TEM measurements were performed on a 7000 electron microscope (Hitachi Japan) at 80 kV and JEOL JEM-3010 (Nihon Denshi) at 100 kV. His-HP fibril samples (10 μL), diluted 20-fold with Milli Q water, were placed on copper grid (200 mesh) covered with carbon coated collodion film (Nisshin EM collodion film #6511 and excel support film #649). After 1 min, 5 µL of 1% phosphotungstic acid (pH 7.0) was supplemented and incubated for 30 s. The solution was removed carefully with a filter paper, followed by air-drying prior to examination. The observation magnification was usually 20,000-fold.

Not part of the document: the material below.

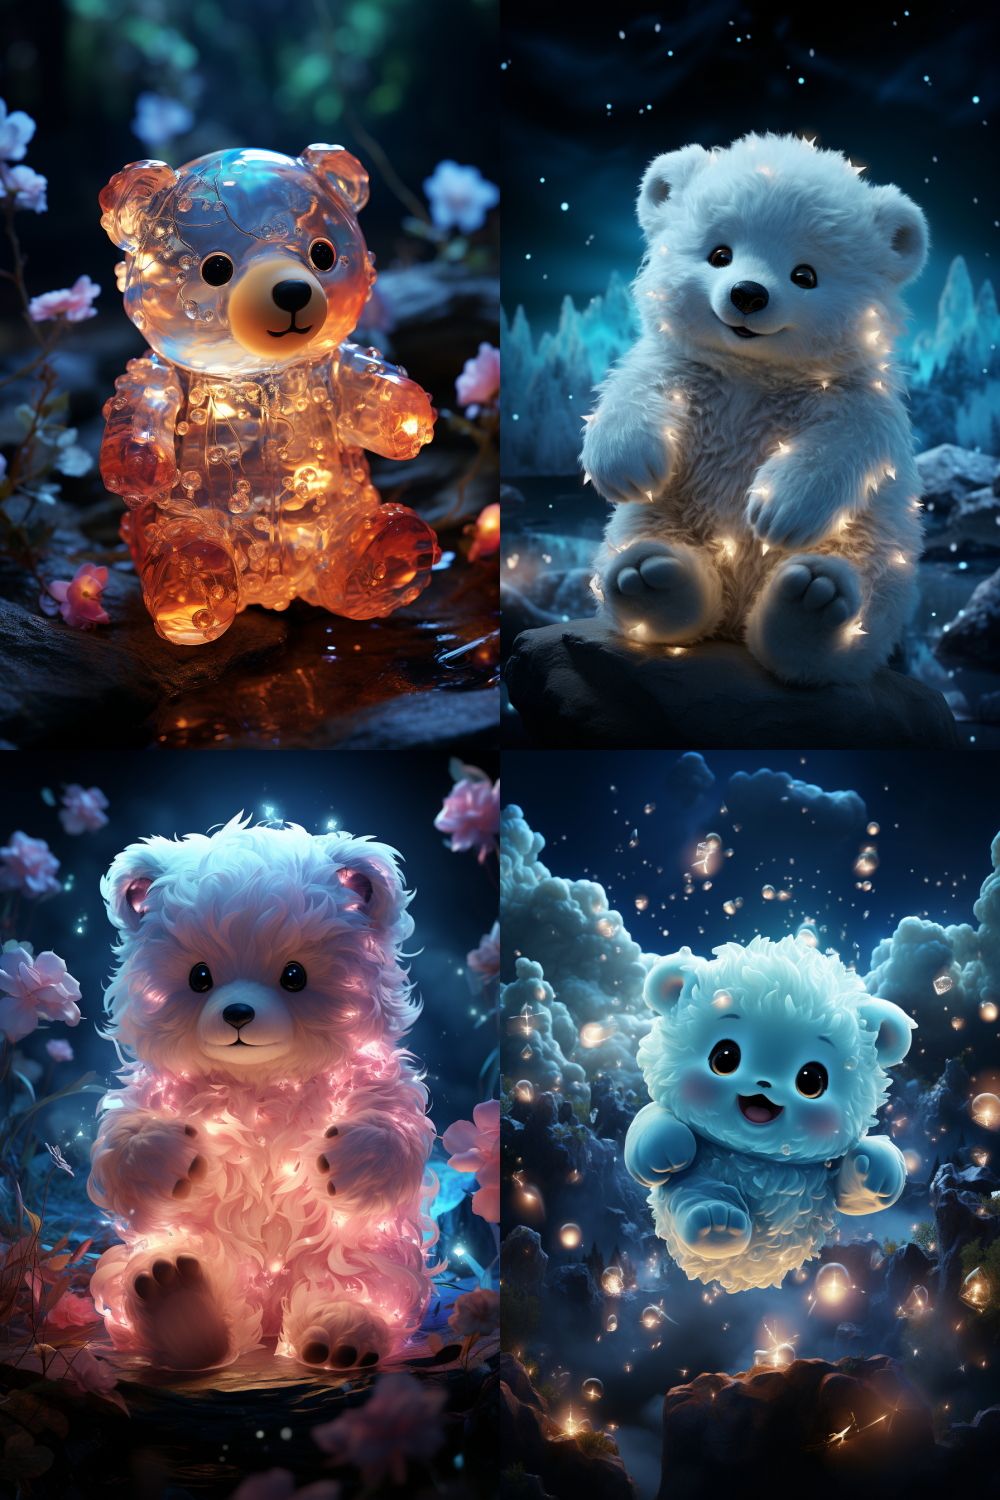 Un ursuleț magic și drăguț cu un corp strălucitor transparent plutește într-un peisaj magic de noapte

Ten microliter of samples, diluted 40-fold with Milli Q pure water, were placed on freshly cleaved mica and dried in a vacuum desiccators for 5 min. Samples in atmosphere were imaged with a JEOL JSPM-5200 (Nihon Denshi) AFM. Cantilevers with etched silicon tips (Olympus) having a resonance frequency of 300 kHz were used with tapping mode. The scan rate was 0.5–1 Hz with a pixel number of 512 × 512.
SDS-PAGE was carried out according to Laemmli and Schägger and Jagow. Protein amount was determined by A280 measurement or bicinconic acid method.
The authors thank Dr. R. Yamaguchi for protein expression and helpful discussion. They also thank Mr. M. Sogawa for technical suggestion and helpful discussion.